Linear Accuracy: 0.9112
RBF Accuracy: 0.9032
Poly Accuracy: 0.8934
Sigmoid Accuracy: 0.54


Performance in all kernels is worse than they were when not including Type 2 and generation. I will do hyperparameter tuning with kernel=linear, since that has the best performance. 
## Grid Search

In [None]:
from sklearn.model_selection import GridSearchCV
from sklearn.model_selection import train_test_split
from sklearn.svm import SVC

X_train, X_test, y_train, y_test = train_test_split(df, y, test_size=0.2, random_state=42) # initializing train/test groups

param_grid = {
    'kernel': ['linear'],
    'C': [0.1, 1,50, 100, 150], # only hyperparameter for linear
}
grid = GridSearchCV(SVC(), param_grid, scoring='accuracy', cv=3, verbose=3)
grid.fit(X_train, y_train)

print("Best parameters:", grid.best_params_)
print("Best accuracy:", grid.best_score_)

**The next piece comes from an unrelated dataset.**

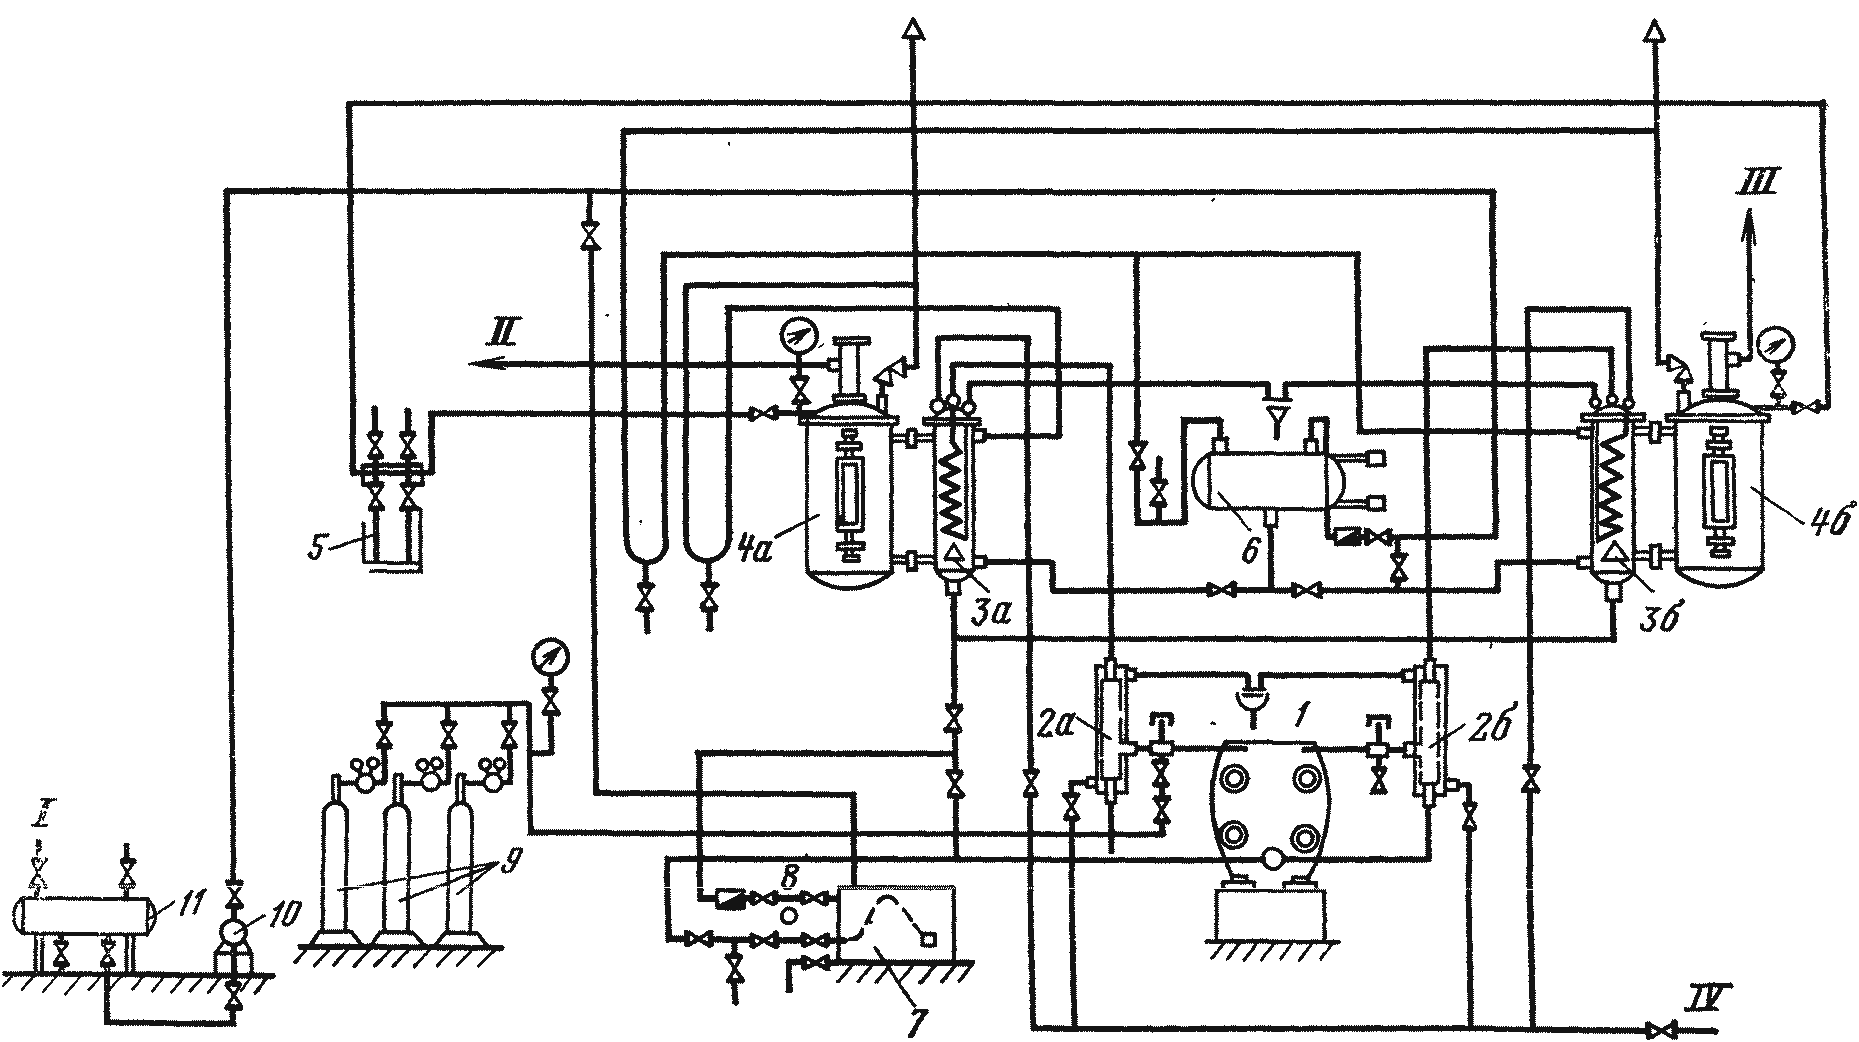 Схема электролизной установки

Fitting 3 folds for each of 5 candidates, totalling 15 fits
[CV 1/3] END ..............C=0.1, kernel=linear;, score=0.905 total time= 1.0min
[CV 2/3] END ..............C=0.1, kernel=linear;, score=0.900 total time=  57.6s
[CV 3/3] END ..............C=0.1, kernel=linear;, score=0.897 total time=  58.2s
[CV 1/3] END ................C=1, kernel=linear;, score=0.909 total time= 1.2min
[CV 2/3] END ................C=1, kernel=linear;, score=0.908 total time= 1.1min
[CV 3/3] END ................C=1, kernel=linear;, score=0.903 total time= 1.0min
[CV 1/3] END ...............C=50, kernel=linear;, score=0.910 total time=10.5min
[CV 2/3] END ...............C=50, kernel=linear;, score=0.908 total time=10.4min
[CV 3/3] END ...............C=50, kernel=linear;, score=0.904 total time=10.4min
[CV 1/3] END ..............C=100, kernel=linear;, score=0.910 total time=19.6min
[CV 2/3] END ..............C=100, kernel=linear;, score=0.908 total time=19.5min
[CV 3/3] END ..............C=100, kernel=linear;,

In [None]:
from sklearn.metrics import accuracy_score, f1_score

best_model = grid.best_estimator_
y_pred = best_model.predict(X_test) # testing best model on testing data

# Calculating and printing accuracy scores
accuracy = accuracy_score(y_test, y_pred)
print(f"Grid Search Best Model Accuracy on Test Data: {accuracy}")
r2 = f1_score(y_test, y_pred)
print(f"R^2 Score: {r2}")

Grid Search Best Model Accuracy on Test Data: 0.9116
R^2 Score: 0.9066525871172122


## Results
Although this model gets close to the accuracy and R2 of the best model not including Type 2, it is still slightly lower. In addition, it takes significantly longer to train due to the increasesd dimesionality of the data. Thus, the SVM model we will use to compare to our other models will be the model excluding Type 2 and Generation as input.